RESOLVED on October 12, 2001: Yes, applications can do alpha blending, albeit with possible
performance penalties over using the fixed functionality blending operations.
REOPENED on July 9, 2002: This issue is related to Issue (23) which remains open, so this issue
should also remain open.
Another possibility would be to create an extension that allows more flexibility than the current alpha
blending allows, but would still be considered fixed functionality.
RESOLUTION: Issue 23) is resolved as allowing frame buffer reads, so this is once again resolved
allowing alpha blending, with the caveats listed above.
REOPENED on December 10, 2002. Issue 23 is re-resolved to disallow frame buffer reads.
RESOLUTION: No, applications cannot do alpha blending, because they cannot read alpha.
CLOSED on December 10, 2002.

My favorite part: "Issue 23 is re-resolved " ;) It looks like one of the advents of "programmable and flexible" hardware, is that it makes some things, um, less flexible. :!:
 
Something else...

Should precision hints be supported (e.g., using 16-bit floats or 32-bit floats)?
DISCUSSION: Standardizing on a single data type for computations greatly simplifies the
specification of the language.
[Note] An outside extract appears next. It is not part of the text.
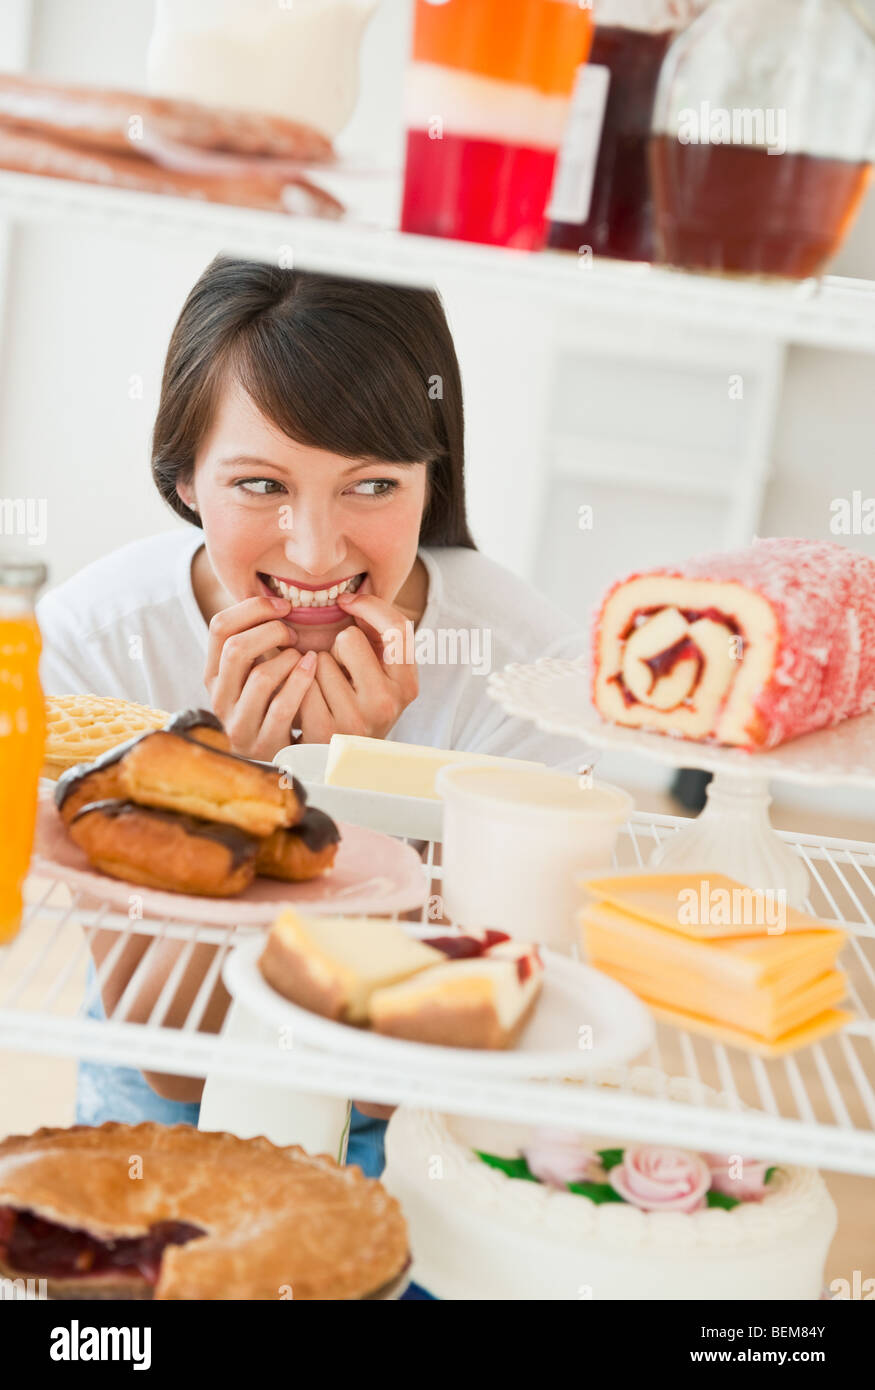 Woman looking at sweets Stock Photo
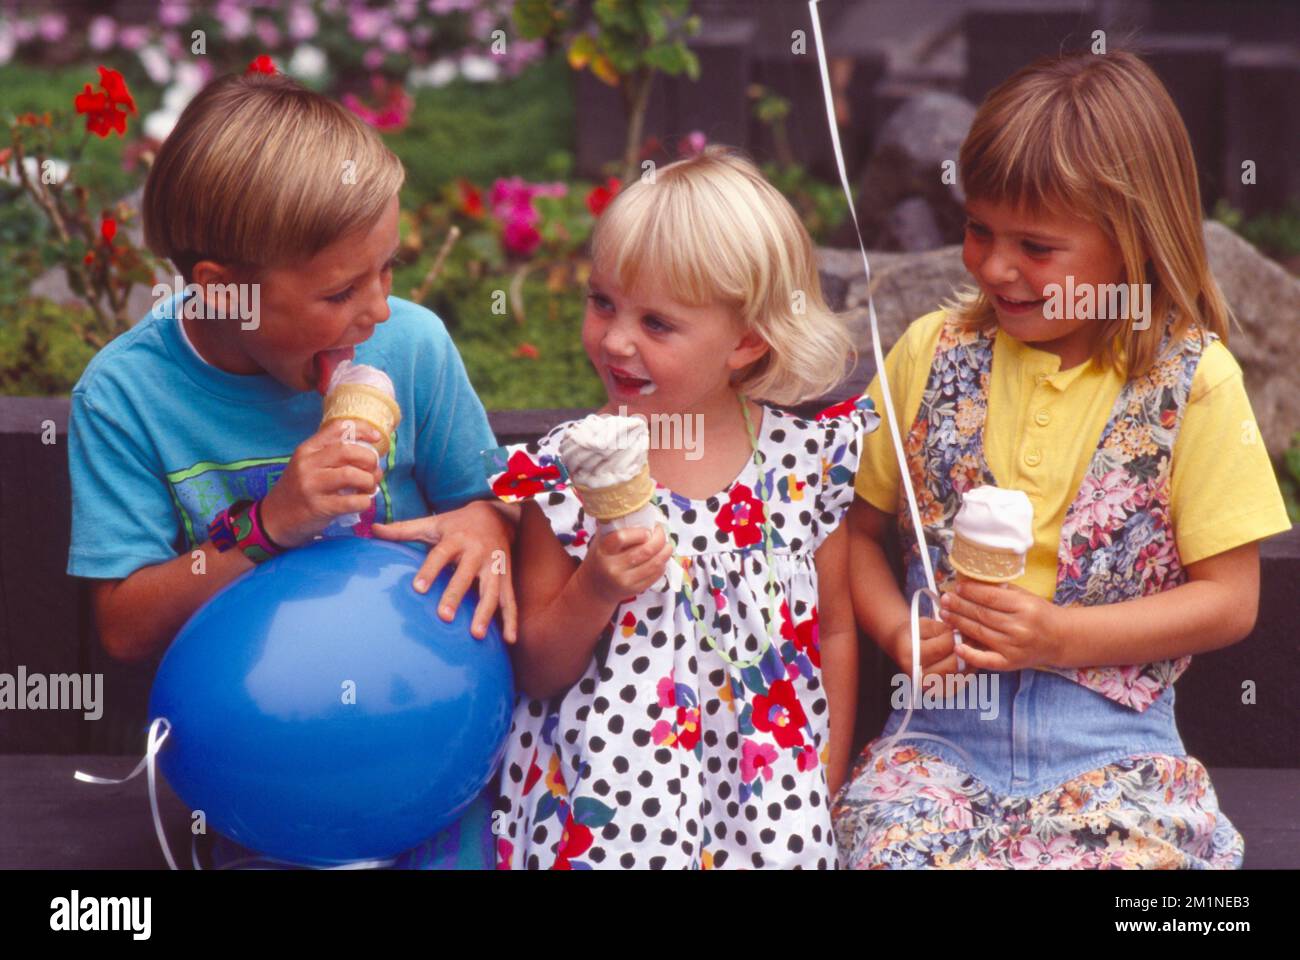 Boy and two girls sitting on a park bench eating ice cream Stock Photo

Even if an implementation is allowed to silently promote a reduced
precision value, a shader may exhibit different behavior if the writer had inadvertently relied on the
clamping or wrapping semantics of the reduced operator. By defining a set of reduced precision
types all we would end up doing is forcing the hardware to implement them to stay compatible.
When writing general programs, programmers have long given up worrying if it is more efficient to
do a calculation in bytes, shorts or longs and we do not want shader writers to believe they have to
concern themselves similarly. The only short term benefit of supporting reduced precision data types
is that it may allow existing hardware to run a subset of shaders more effectively.
This issue is related to Issue (30) and Issue (6 8 ).
RESOLUTION: Performance/space/precision hints and types will not be provided as a standard part
of the langauge, but reserved words for doing so will be.
CLOSED: November 26, 2002.

I presume this means that nvidia's FP16 pipeline can not supported for GL? (Other than through possibly proprietary extensions?0
 
Joe DeFuria said:
I presume this means that nvidia's FP16 pipeline can not supported for GL? (Other than through possibly proprietary extensions?0
I'm not quite sure what these requirements say:
glslang paper said:
As an input value to one of the processing units, a floating-point variable is expected to match the IEEE
single precision floating-point definition for precision and dynamic range. It is not required that the
precision of internal processing match the IEEE floating-point specification for floating-point operations,
but the guidelines for precision established by the OpenGL 1.4 specification must be met.
glspec14 said:
The GL must perform a number of floating-point operations during the course of
its operation. We do not specify how floating-point numbers are to be represented
or how operations on them are to be performed. We require simply that numbers’
floating-point parts contain enough bits and that their exponent fields are large
enough so that individual results of floating-point operations are accurate to about
1 part in 10^5. The maximum representable magnitude of a floating-point number
used to represent positional or normal coordinates must be at least 2^32; the maximum
representable magnitude for colors or texture coordinates must be at least 2^10.
The maximum representable magnitude for all other floating-point values must be
at least 2^32. x0 = 0 x = 0 for any non-infinite and non-NaN x. 1 x = x1 = x.
x+0 = 0+x = x. 00 = 1. (Occasionally further requirements will be specified.)
Most single-precision floating-point formats meet these requirements.
A s10e5 fp16 number should certainly suffice to represent 2^10, but I don't know what 'about 1 part in 10^5' should exactly mean.
 
gokickrocks said:
1 part in 10^5 = .00001

the more 0s between the decimal and 1, the more accurate the calculation will be
Yes, that's obvious, but how apply this to float numbers? Does this mean the next greater number to any given number must be less than 1.00001 times that number? That would mean you need a 17bit mantissa, right?
 
I note that the quote says "about 10^5" without qualifiers such as "minimum", etc, which to me speaks to error accumulation guidelines not an absolute criteria.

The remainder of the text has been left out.